Given the differential findings and constructs of physical activity (exercise) and sedentary behavior, it has been posited that inactivity physiology (e.g., the investigation of cellular signals and physiological responses in relation to prolonged sitting and other sedentary behaviors) needs to be considered independent of physical activity [52]. For example, Blanc [62] showed a reduced sensitivity to leptin and insulin with physical inactivity despite no changes in body weight in humans. In addition, lipoprotein-lipase, an important enzyme for lipid metabolism, has been shown to be reduced following prolonged sedentary behavior [62]. This in turn could increase the risk for metabolic diseases like obesity or type 2 diabetes. Even though the research on sedentary behavior is less extensive than that for physical activity, it could be argued that sedentary behavior, just like physical activity, is influenced by environmental and biological constraints. The previously discussed physiologic adaptations in utero and during early childhood could therefore not only influence physical activity, but also sedentary behavior.

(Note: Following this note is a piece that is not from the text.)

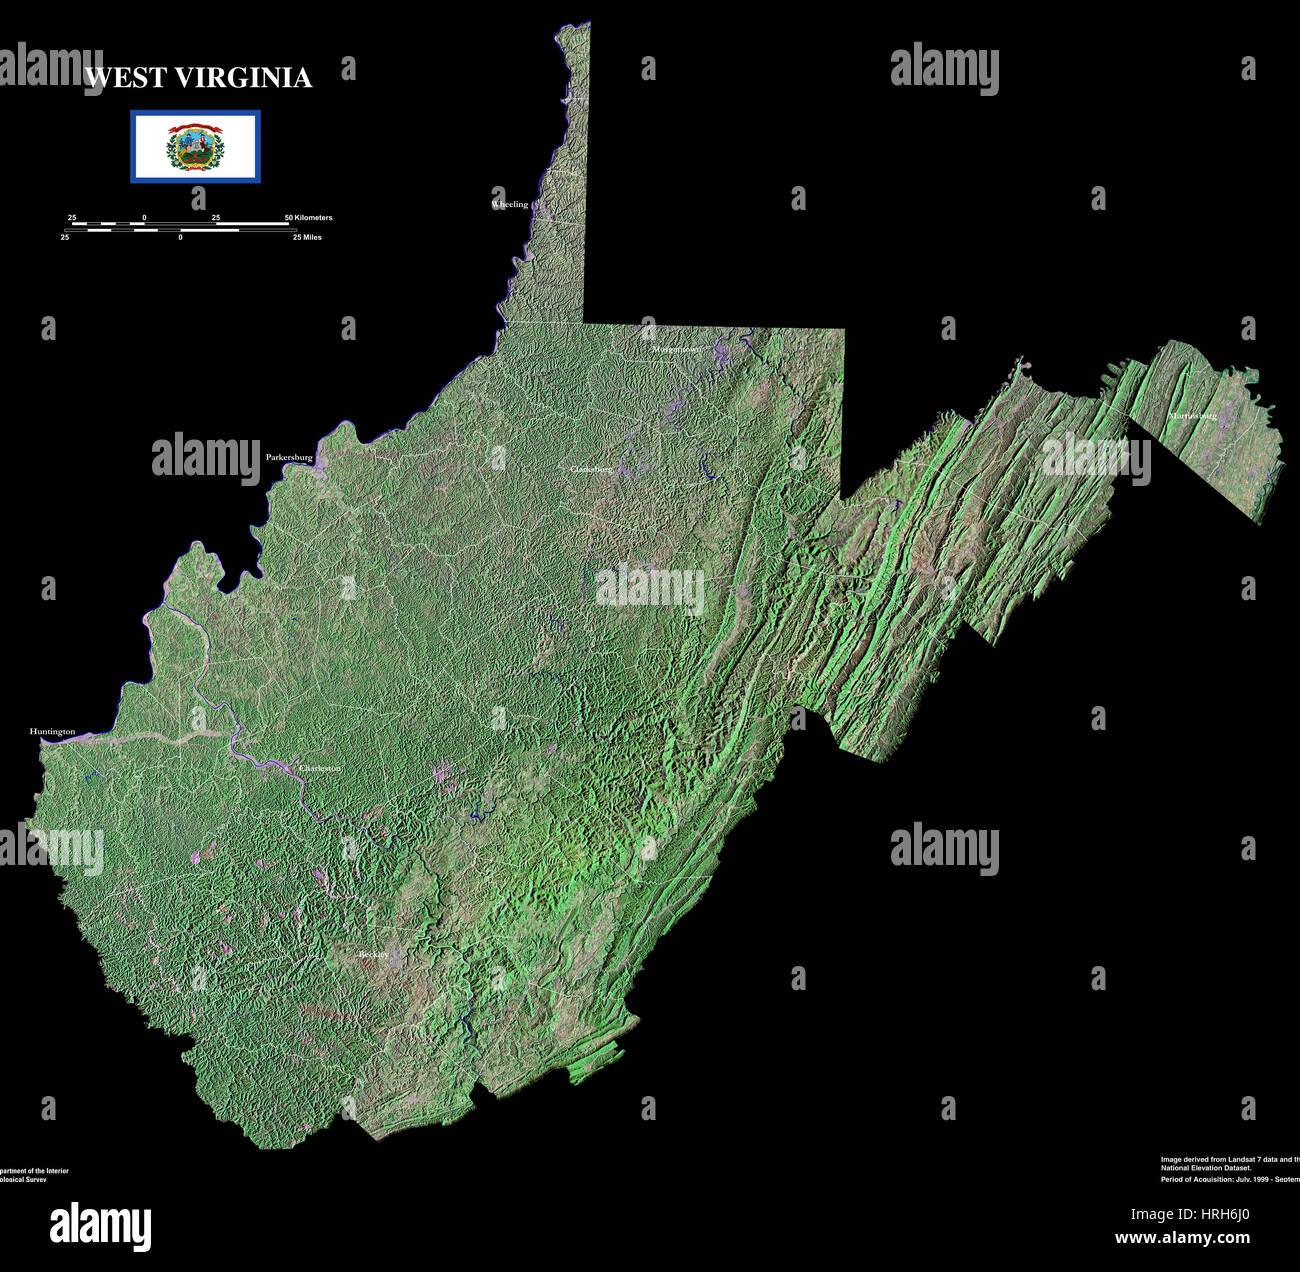 West Virginia - Stock Image

Finally, it should also be considered that despite using objective measurements for physical activity, total energy expenditure and nutritional intake were not assessed in either of the two cohorts used in this paper. These, however, are important factors when examining body weight. Interestingly, differences in physical activity levels among SES groups when controlling for BMI remained significant when examining frequency and intensity (accelerometry) while differences in physical activity were no longer significant when only frequency (pedometer) was considered. Another aspect is the different sample size of the study, which did not allow for creating similar SES groups. In addition both studies had a cross-sectional design. Further, it can be argued that SES was determined by household income alone with no information on the size of the household income. Braveman et al. [63] suggest using a variety of components to assess SES including income, wealth, education, occupation, and neighborhood socioeconomic characteristics. When examining the available data on parental education in relation to household income in both cohorts a significant positive relationship between household income and educational level was shown, which supports the use of household income as a single indicator to determine SES. In addition previous studies have shown a strong relationship between physical activity levels or sedentary behavior and household income [10, 12].

Conclusions

In summary, the results show that low SES children are likely to display lower physical activity levels, engage in more sedentary activities and have a higher BMI. Although differences in physical activity were no longer present when controlling for BMI, results for sedentary behavior were not altered after adjusting for BMI. Results of the current study emphasize that physical activity during childhood and adolescence is a complex, multi-factorial phenotype. SES seems to be one aspect related to physical activity and sedentary behavior. BMI, however, is also correlated with SES so untangling these associations is complicated. It is, therefore, important that the interaction between various risk factors related to cardiovascular disease are considered in further examining the problem of health behavior in low SES youth. Longitudinal studies are needed to provide a better understanding of the causal relationship between SES, BMI, sedentary behavior and physical activity during childhood which could contribute to a higher success-rate of interventions. Regardless of the causal pathway, this study shows the importance of targeting low SES youth in intervention programs to enhance health behaviors. Future studies should also consider biological aspects like the pre-natal environment and maternal behavior as well as post-natal influences on physical activity and inactivity. Due to the complex interaction of constraints mentioned in this paper it is important to consider a variety of covariates whenever physical activity and/or sedentary behavior are examined.